Institutional Review Board Statement

The research protocol was ethically reviewed and has received a clearance label from the research ethics committee of the Ahmad Dahlan university (Number: 012204031).

Informed Consent Statement

Not applicable (There is no informed consent for animal testing).

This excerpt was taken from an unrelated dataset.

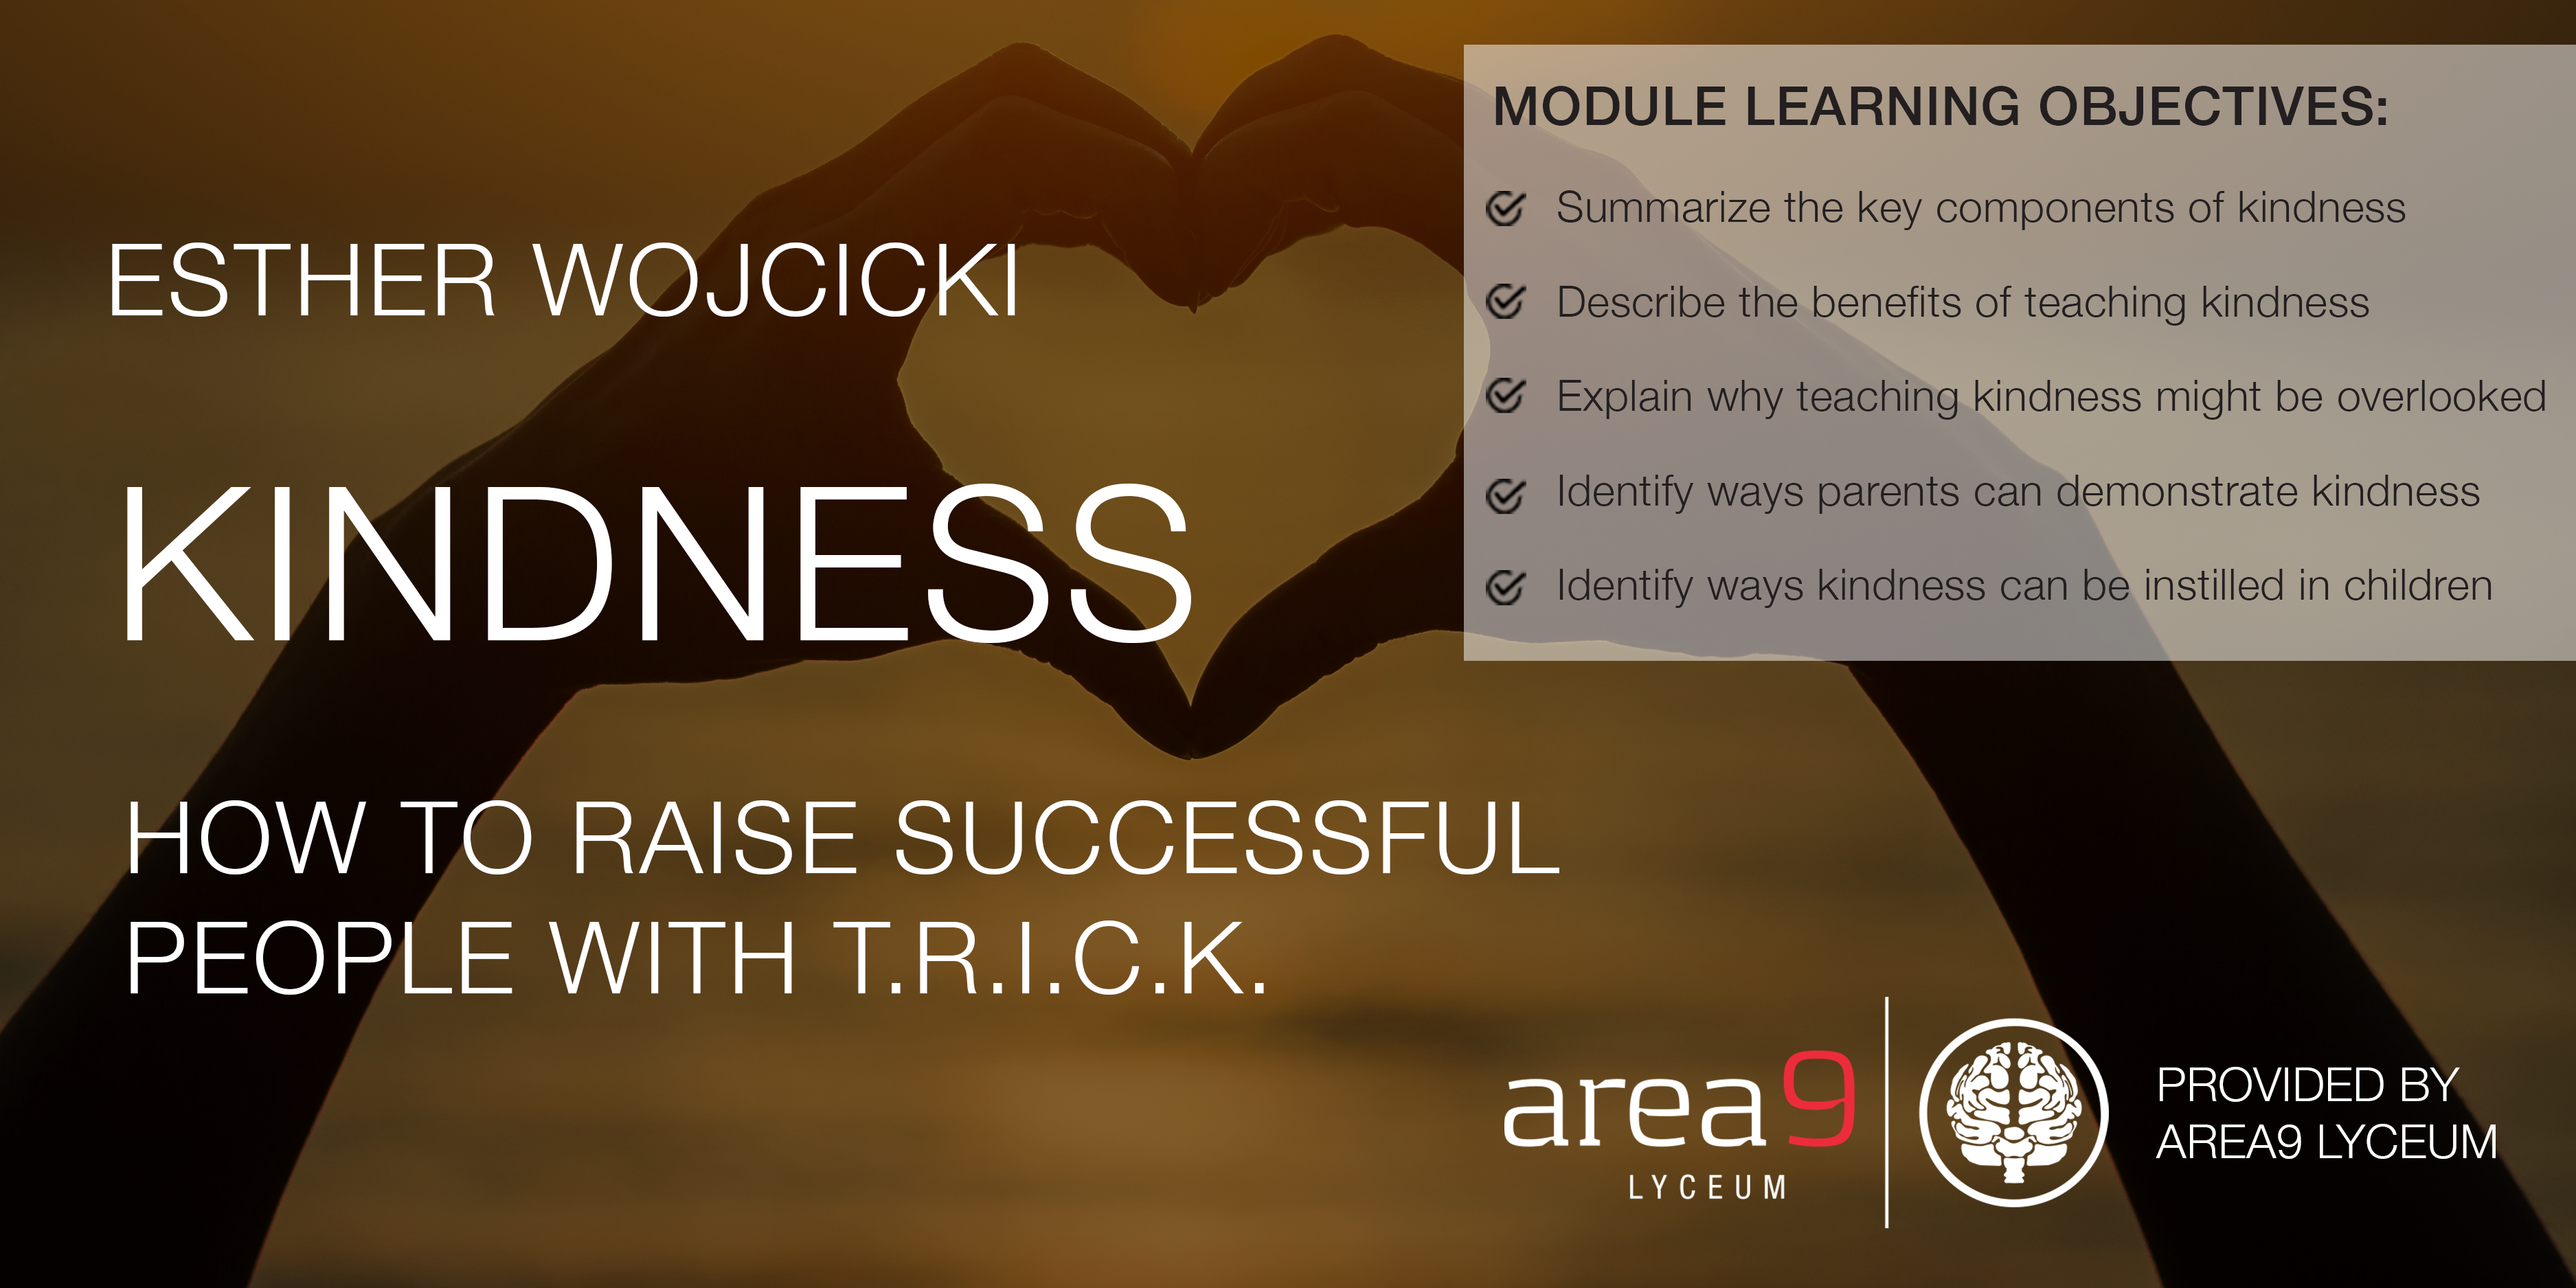 Esther Wojcicki How to Raise Successful People with TRICK Adaptive Learning Course Area9 Lyceum banner copy
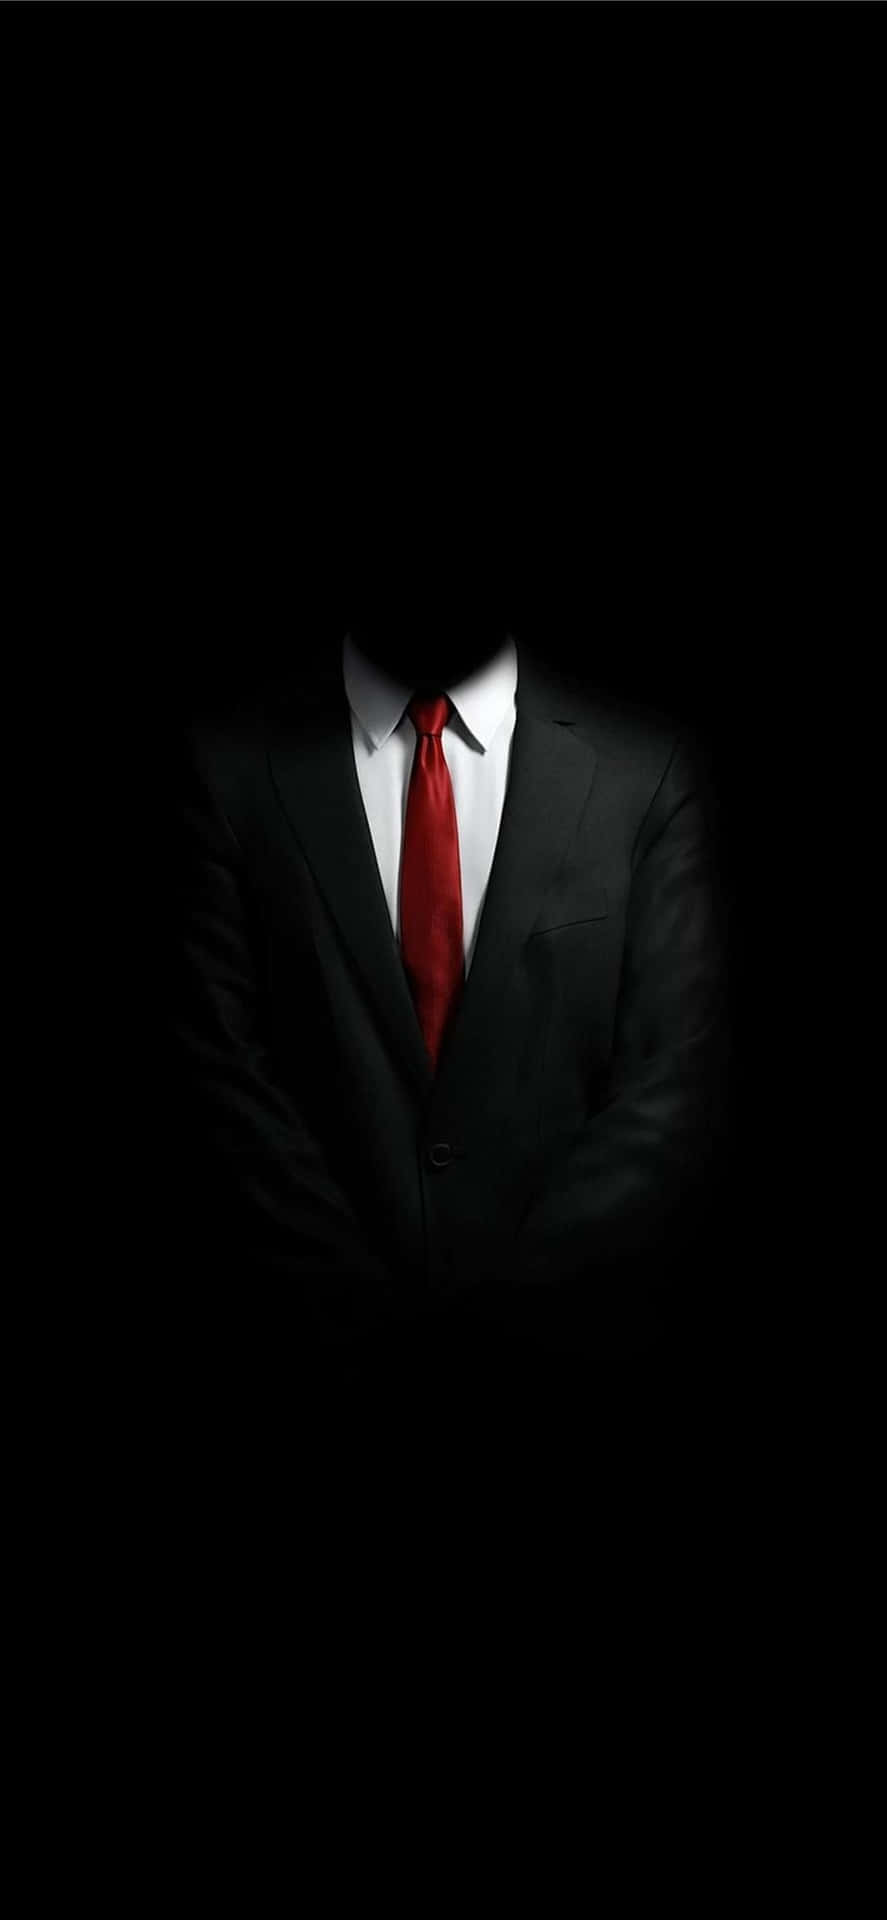 Mysterious Manin Suitand Red Tie Wallpaper

Data Availability Statement

Not applicable.

Conflicts of Interest

The authors declare no conflict of interest. The funders had no role in the design of the study; in the collection, analyses, or interpretation of data; in the writing of the manuscript; or in the decision to publish the results.

Funding Statement

The research was funded by the Ministry of Culture, Research and Technology of the Republic of Indonesia through the “Higher Education Excellence Applied Research” scheme (LLDIKTI with DRTPM no contract: 071/E5/PG.02.00.PT/2022 ; LLDIKTI with Universitas Mu-hammadiyah Yogyakarta contract no:: 1988.5/LL5-INT /PG.02.00/2022, BAP no: 1994.5/LL5-INT/KU.09.00/2022; LPPM to Researcher contract no: 392/A-3/VIII/VI/2022). APC is funded by the Ministry of Culture, Research and Technology Education of the Republic of Indonesia through the “Matching Fund Kedai Reka” scheme (contract no: 155/E1.1/KS.06.02/2022).